Despite cost reductions dominating news headlines in the petroleum industry, in reality, weak oil prices have an uneven impact on firms operating in the offshore sector.
Given the slide in oil price over the last six months, it is not a surprise to see companies in the petroleum industry reducing costs, whether it be capital expenditure (capex) or operating expenditure (opex). But not all firms felt the full impact of lower oil price simultaneously – those operating in the development segment are mostly continuing business as usual, while those involved in exploration have been hit by cutbacks in operations, speakers told the Singapore Offshore Finance Forum earlier this month.
The shift towards a lower oil price environment commenced in the second half of 2014 when benchmark Brent oil futures fell below the psychologically significant $100 a barrel in early September. The decline in Brent prices mirrored the earlier fall in U.S. West Texas Intermediate oil futures which broke through the $100 a barrel mark in late July.
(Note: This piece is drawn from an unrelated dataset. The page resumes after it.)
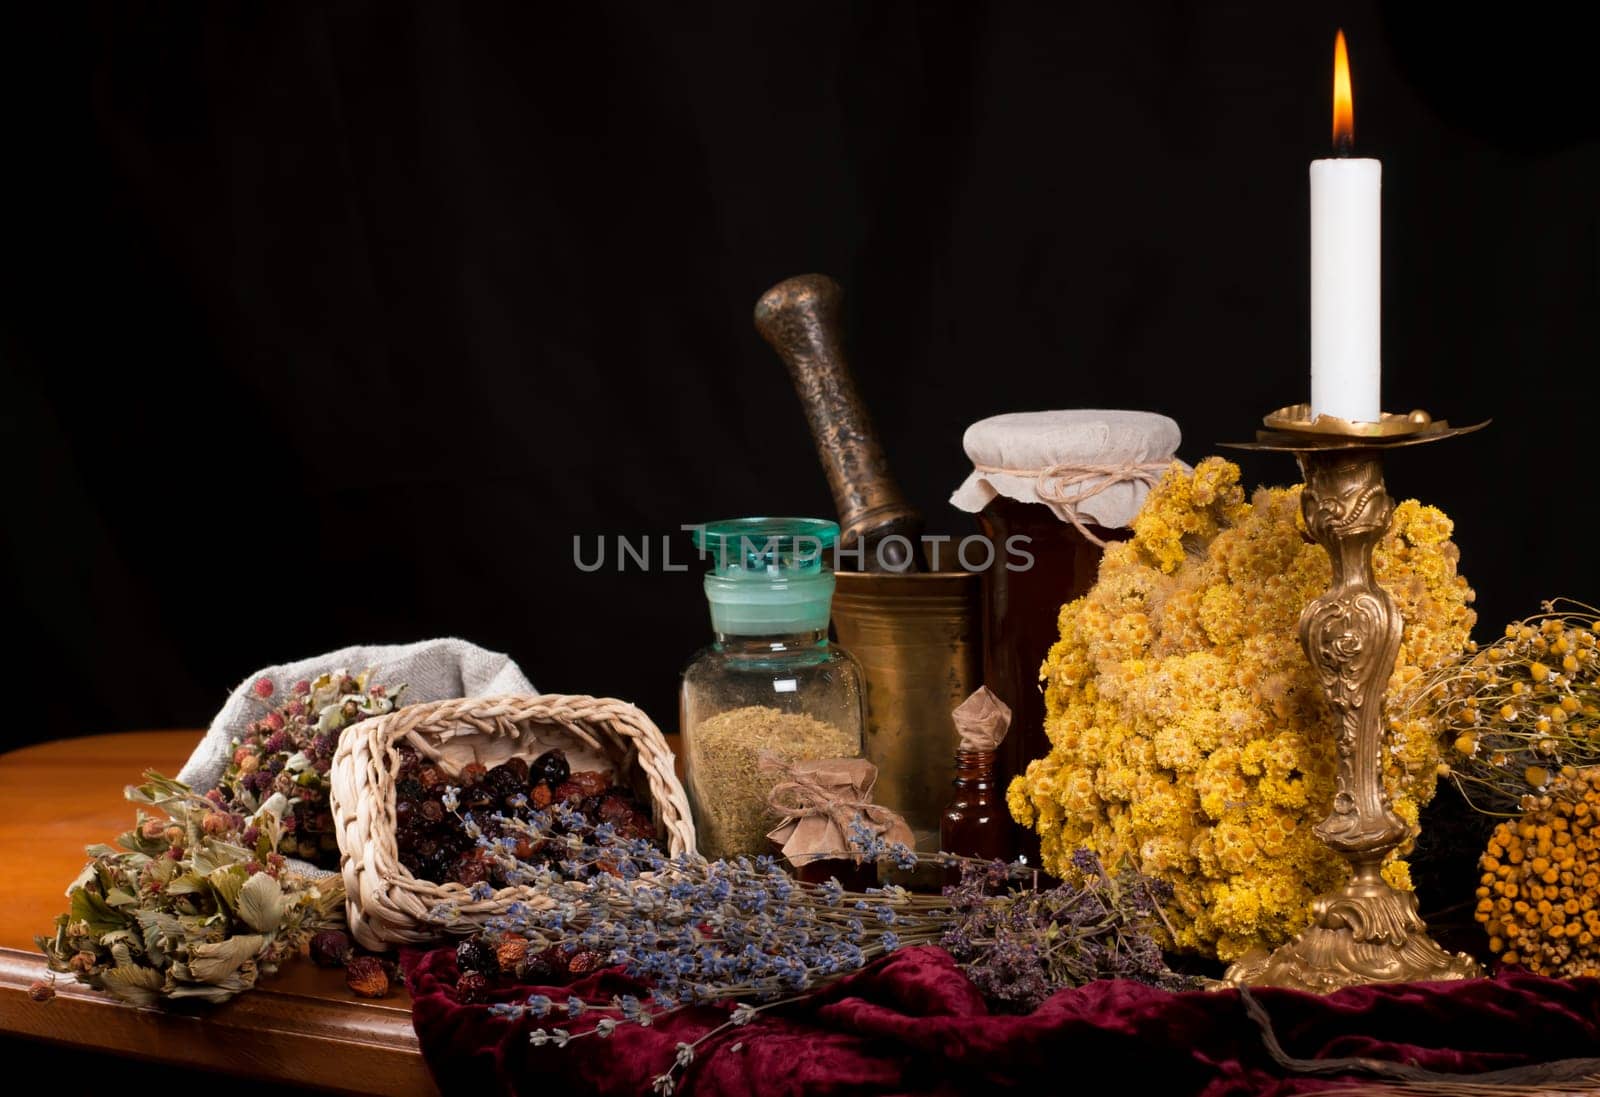 Dried healing herbs, flowers and candles, ritual purification , copyspace Close up of healing herbs alchemist stuff. Old pharmacy, alternative medicine concept. mortar and pestle. on a black background. wooden table. Front view. by aprilphoto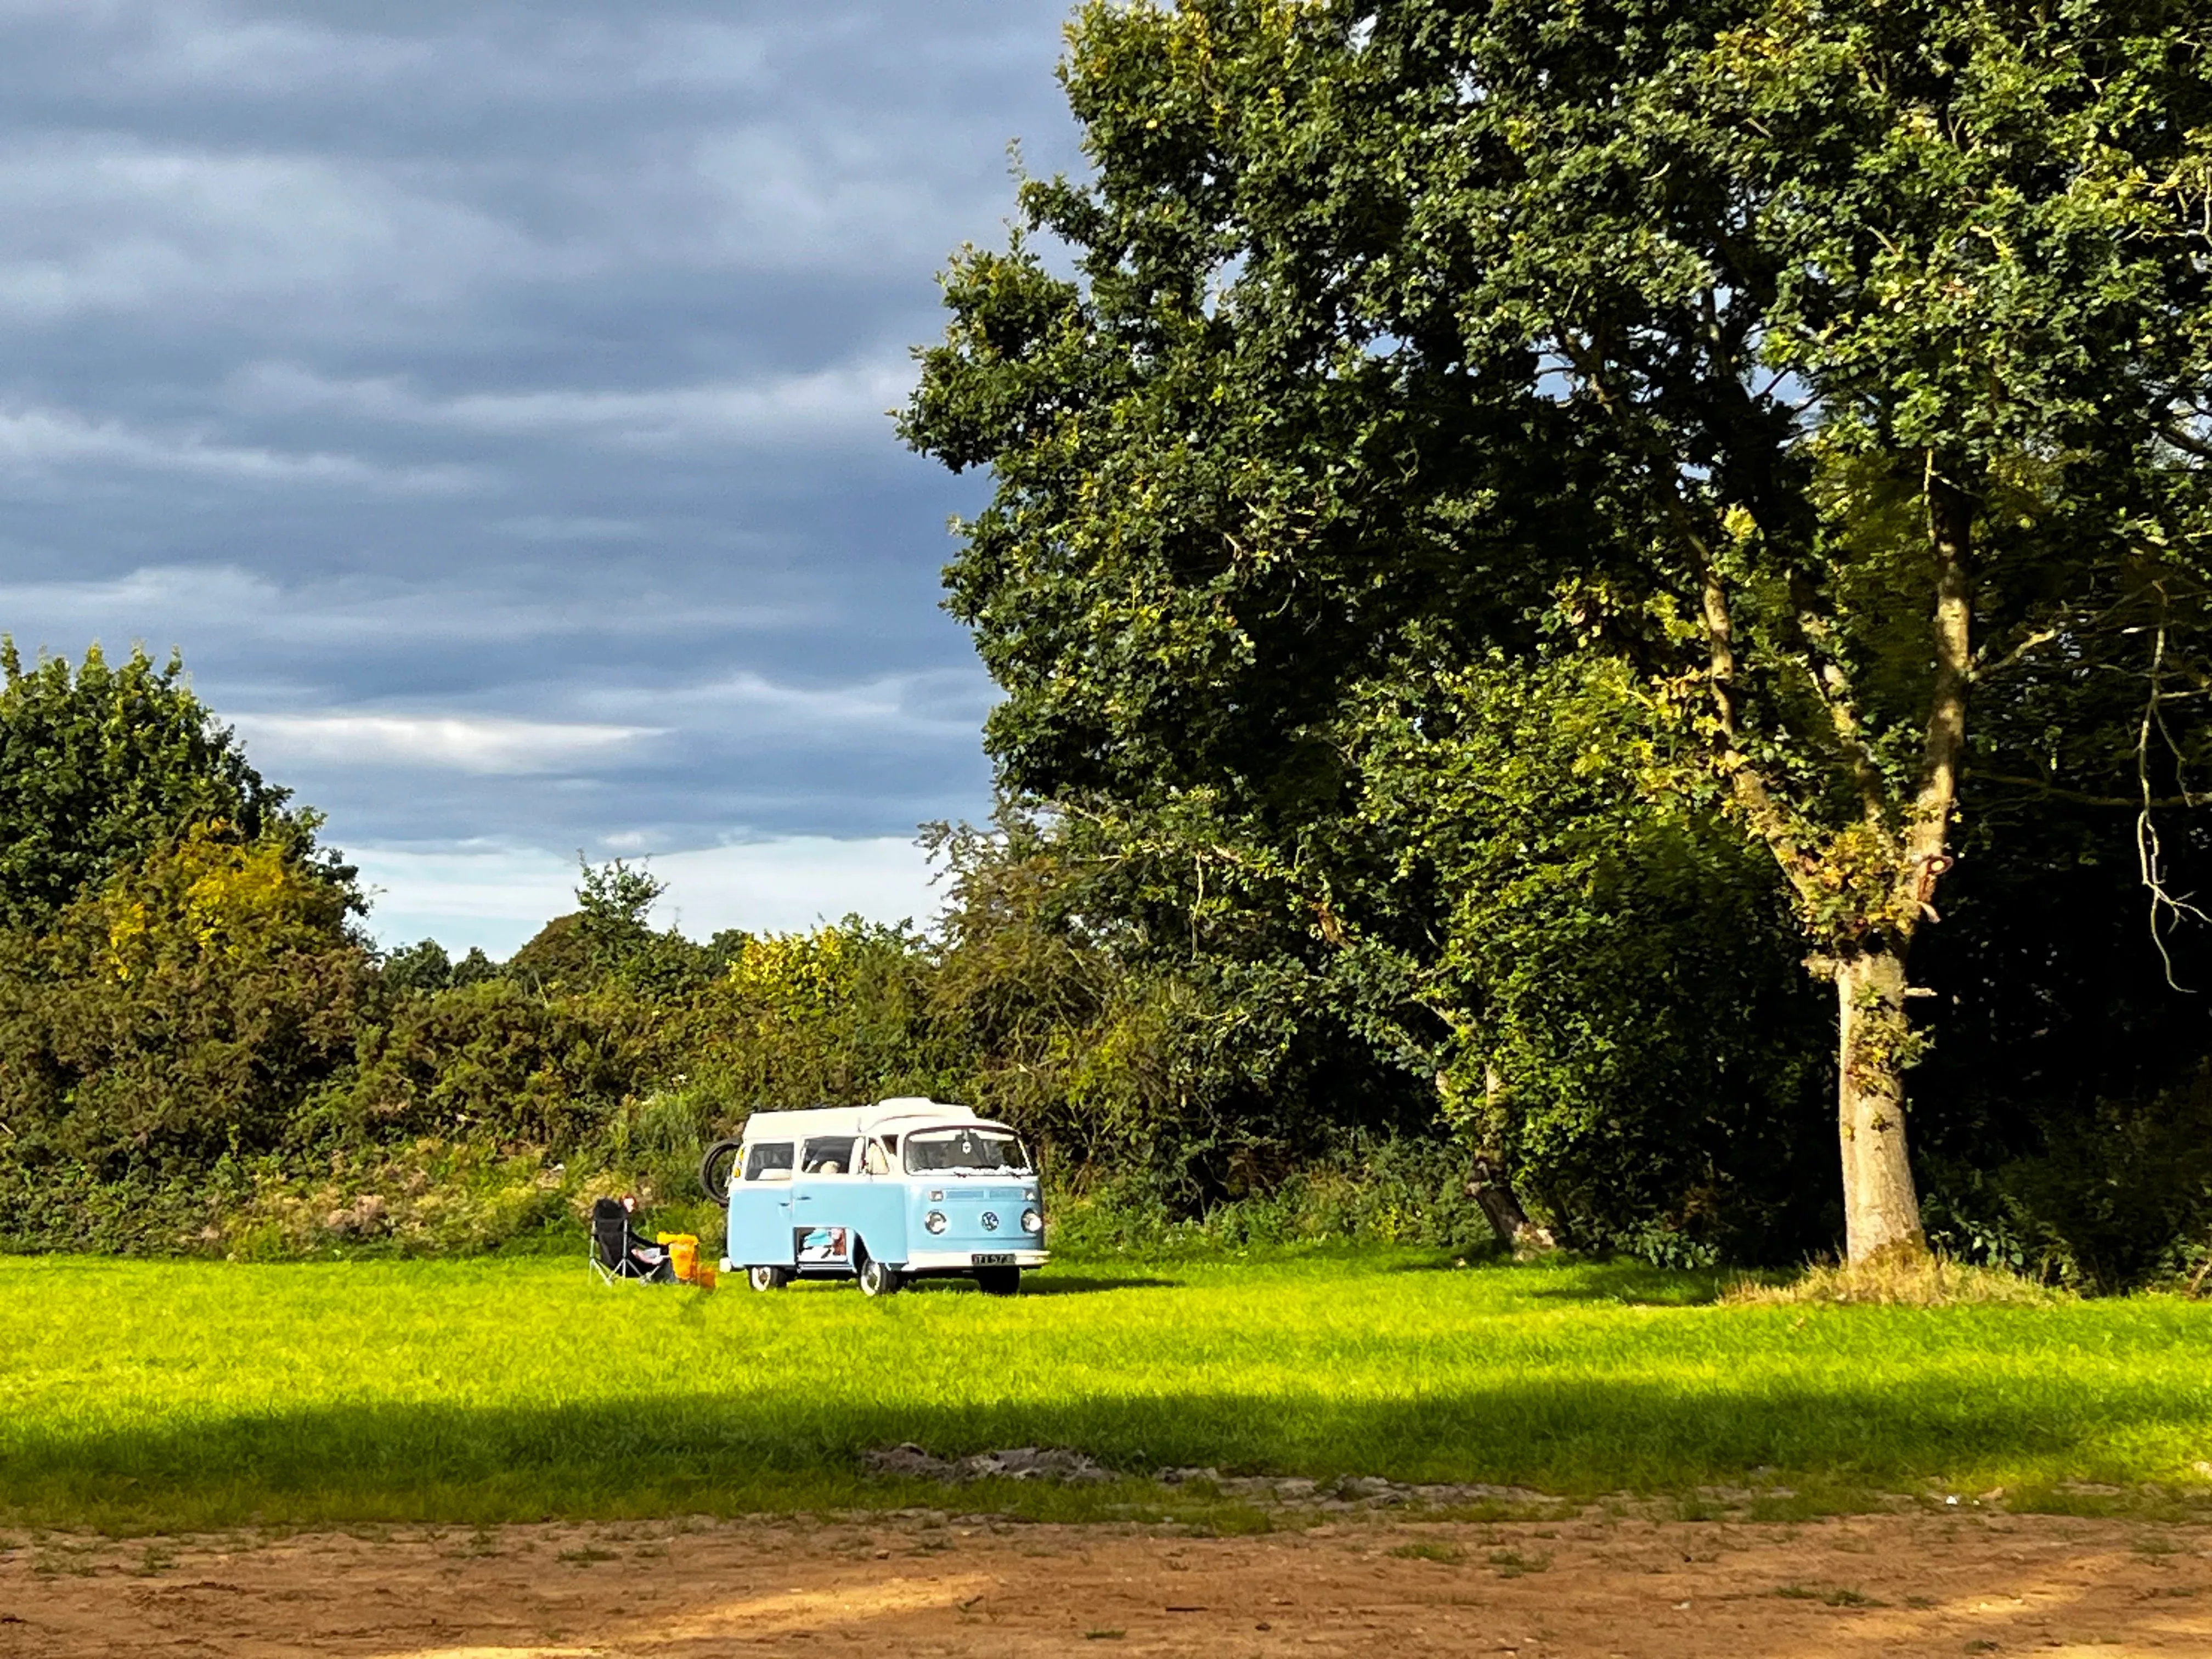 a light blue campervan pitched up on a campsite

The decision by the Organization of Petroleum Exporting Countries (OPEC) to not cut oil production last November had exacerbated the problem of abundant supplies in the markets, resulting in further downward pressure on oil prices.
Hurt by falling revenue, many oil producers, including international oil companies (IOC) and national oil companies (NOC), have reduced their capex and opex, which have in turn impacted the rest of the petroleum industry.
World E&P Capital Spending, 2014-2015
“This is a period of uncertainty. Companies are not sure at this point what will happen going forward, projects are being pared back this year, next year and certainly until things get back into a natural equilibrium ... expensive projects such as U.S. shale, oil sands, some of the ultra deepwater, the Arctic … will be delayed until oil price gets up to the right level,” Jason Waldie, an associate director of Douglas-Westwood Pte. Ltd., told forum participants in Singapore.
The absence of any clarity on the direction of oil price adds further to the uncertainty for seeking project approvals in the near term as the low price environment is forecast to last between one and three years, speakers at the forum commented.